Observation Models

Two observation models are provided, both of which related disease incidence in the simulation model to count data, but differ in how they treat the denominator.

Observations from the entire population

The PopnCounts class provides a generic observation model for relating disease incidence to count data where the denominator is assumed to be the population size \(N\) (i.e., the denominator is assumed constant and is either not known or is known to be the population size \(N\)).

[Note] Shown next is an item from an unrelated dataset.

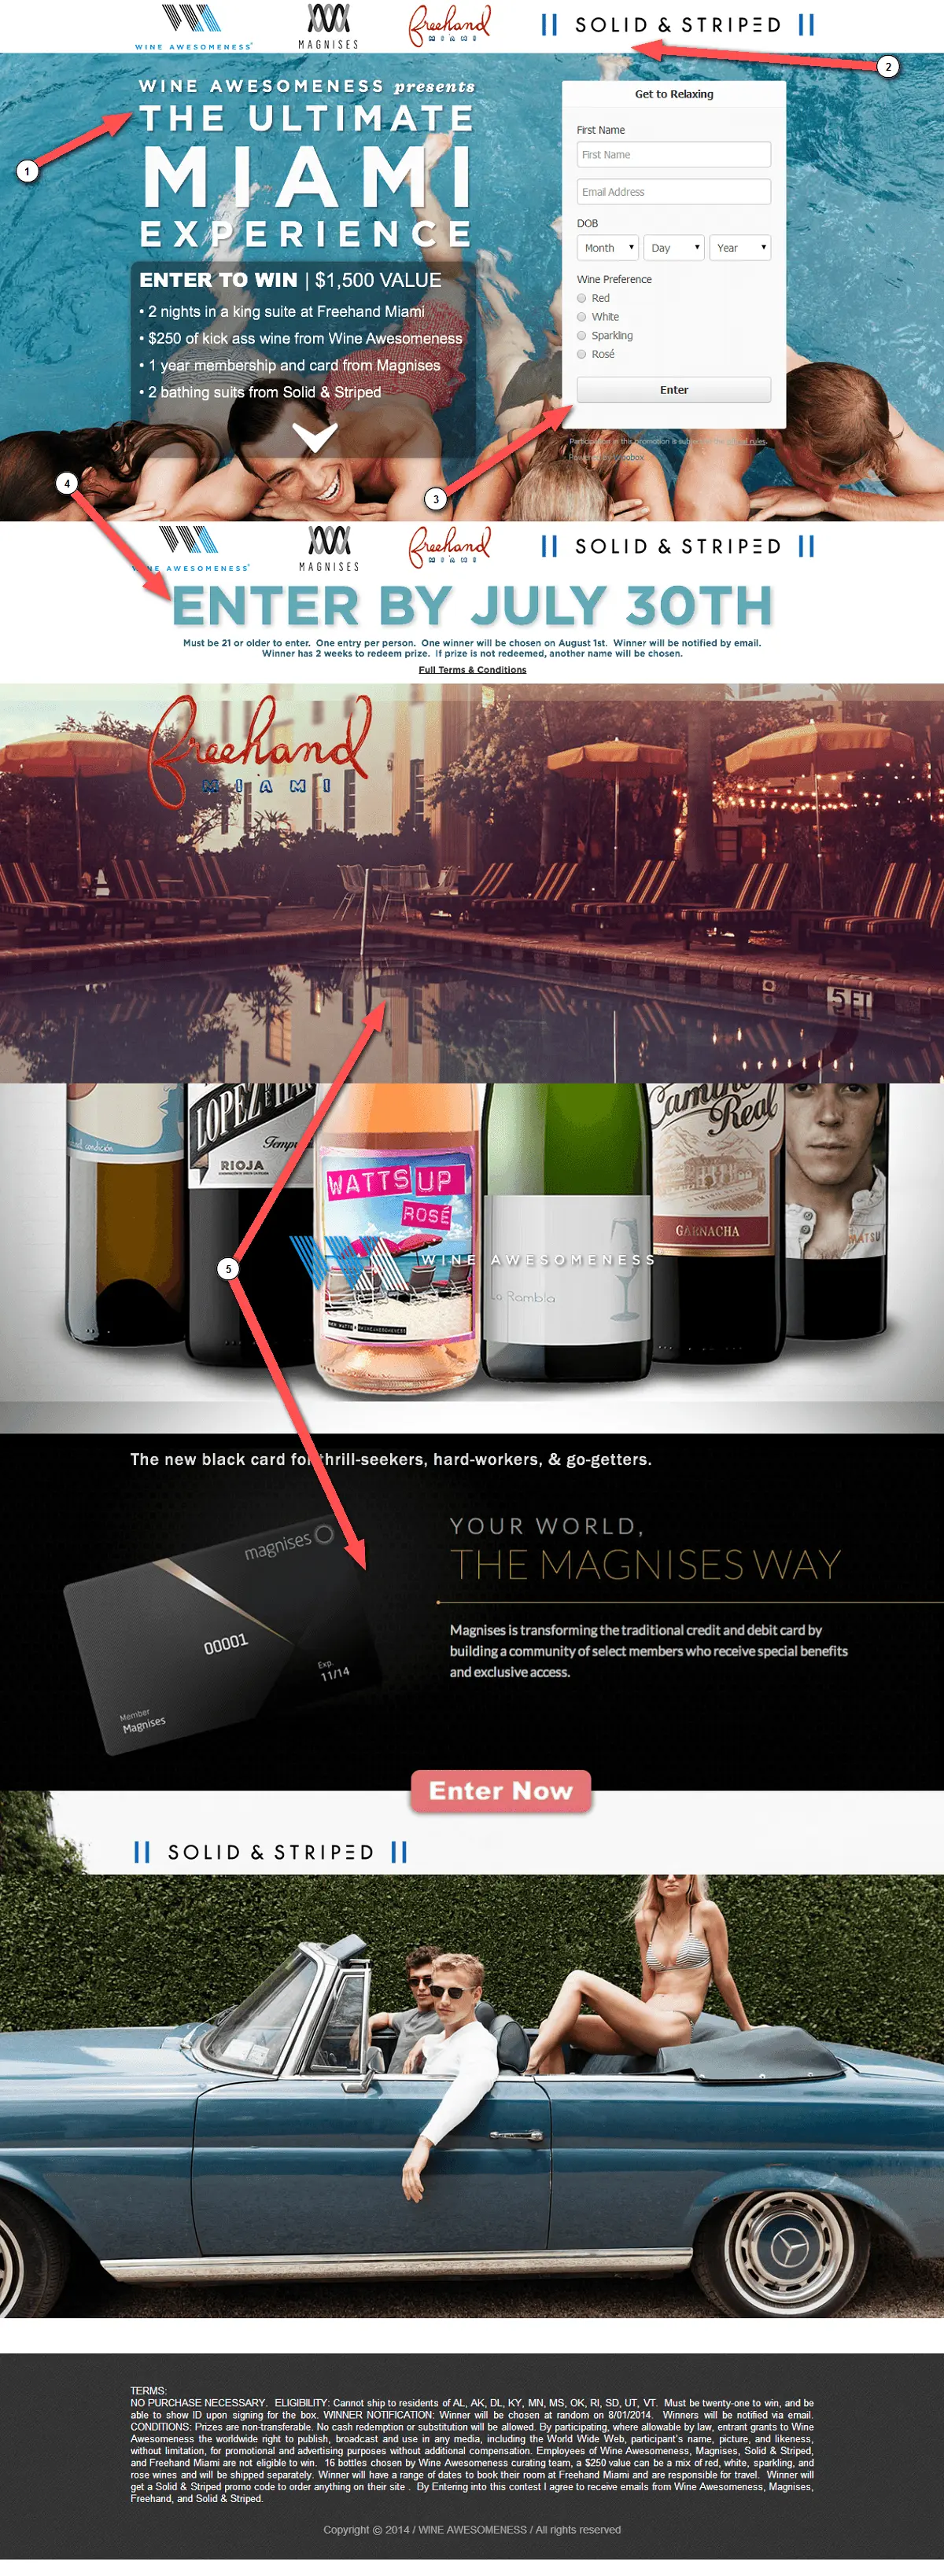 Wine Awesomeness Landing Page Review

This observation model assumes that the relationship between observed case counts \(y_t\) and disease incidence in particle \(x_t\) follow a negative binomial distribution with mean \(\mathbb{E}[y_t]\) and dispersion parameter \(k\).

\[ \begin{align}\begin{aligned}\mathcal{L}(y_t \mid x_t) &\sim NB(\mathbb{E}[y_t], k)\\\mathbb{E}[y_t] &= (1 - p_\mathrm{inf}) \cdot bg_\mathrm{obs} + p_\mathrm{inf} \cdot p_\mathrm{obs} \cdot N\\\operatorname{Var}[y_t] &= \mathbb{E}[y_t] + \frac{\left(\mathbb{E}[y_t]\right)^2}{k} \ge bg_\mathrm{var}\end{aligned}\end{align} \]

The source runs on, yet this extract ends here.